God the Son is crushed by grief, overwhelmed by the immensity of his coming Passion and wonders in his humanity how he can suffer all this. Added to this he must feel as if he is the epitome of sin, that he is the great rebel. He must feel as if he is defying the Father, though he knows this is not true. The whole of The Father’s wrath descends upon Christ like some immense rock and crushes him into nothing. It is as if every part of his body is steeped in the sins of all who have ever lived, and he will feel something of the despair of the damned. This he will feel infinitely because he is God, and more so because he is not only God incarnate but love incarnate.
And so ultimately though his passion, seen from the observer’s point of view, is nothing compared to the extraordinary sufferings of some men, who have had to undergo the most terrifying tortures before they died, looked at from Christ’s perception, the suffering which is mental, physical and spiritual, is so dreadful that for all eternity the Elect in Heaven will be amazed and eternally grateful for Christ’s Passion, and the Damned will bitterly bewail their loss and understand their incredible thanklessness before such unbelievable sufferings.
In the light of Christ’s agony in Gethsemane, the sufferings of the pandemic can be seen in a much better light. Christ has defeated evil and has redeemed us, and opened the gates of Heaven for us. He has taken the terrifying and poisoning quality of fear from us, and shown us how to tranquilize that fear; by looking at his terrible sacrifice which defeated the tremendous evil of Man, Christ nevertheless continues to love every man and woman who has ever lived, with the intensity of the most passionate of lovers.

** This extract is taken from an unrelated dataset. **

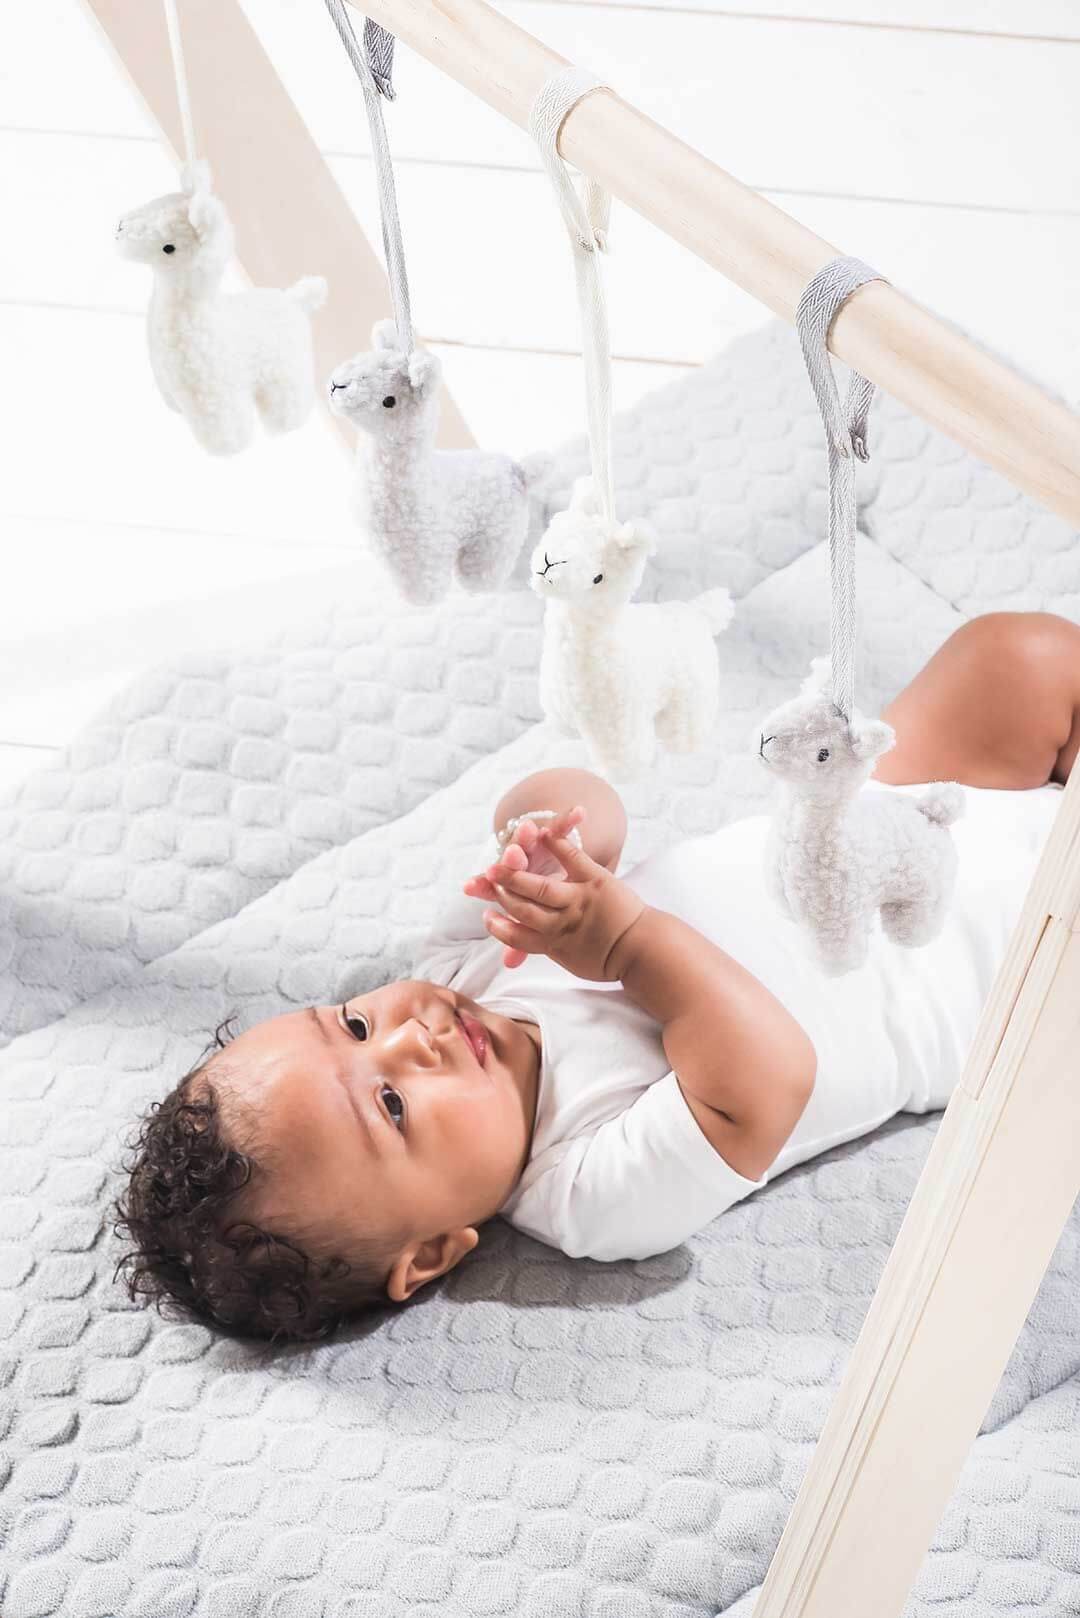 Deer Industries Baby Toy, Baby Gym Toy Llama Jollein, Baby Accessories Online Singapore, Gift Ideas for babies, gender neutral baby toy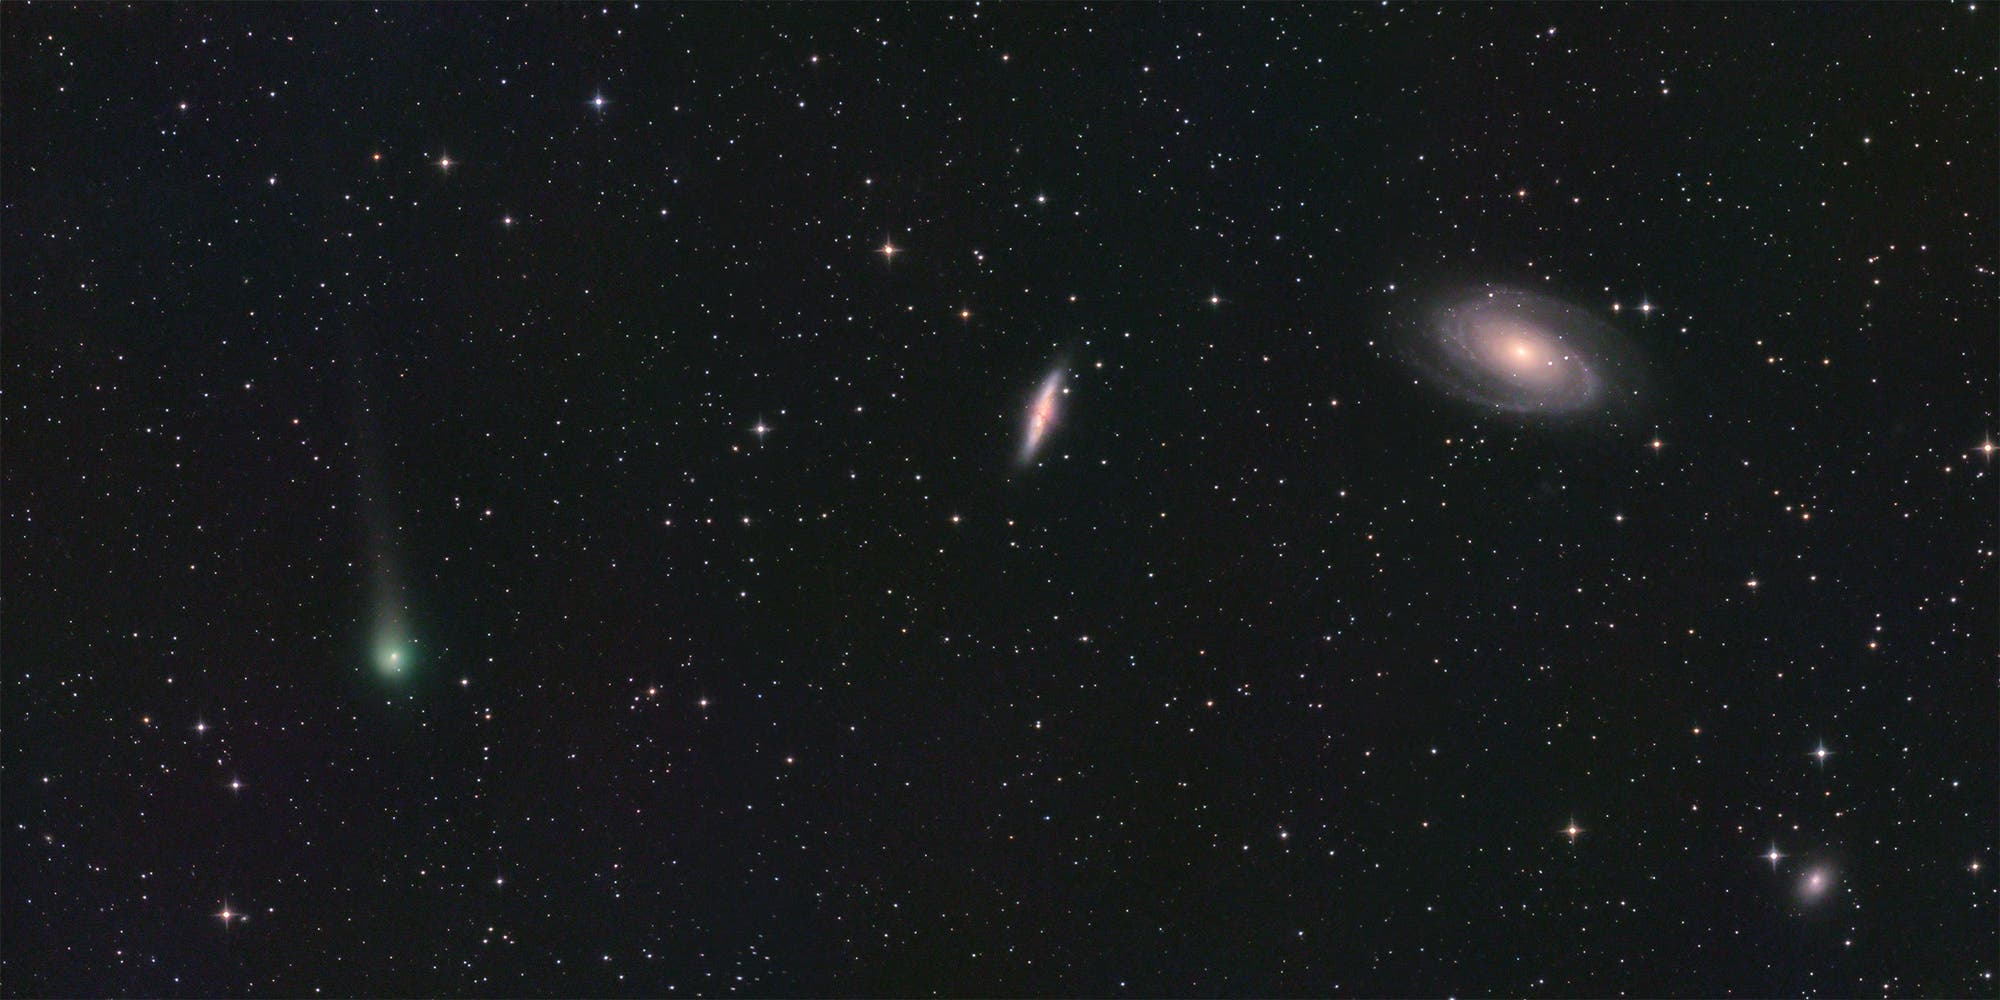 Comet C/2017 PANSTARRS and galaxies M 81 and M 82

St. John says that perfect love casts out fear, and so Christ on the Cross perfects his human love to the highest degree and casts out the deadliness of fear for us all, but for this to happen we must unite our wills with his and say:
“Father, if thou art willing, remove this cup from me, nevertheless not my will, but thine, be done.”
This then is best and perfect way, and will console us in this truly frightening Corona pandemic.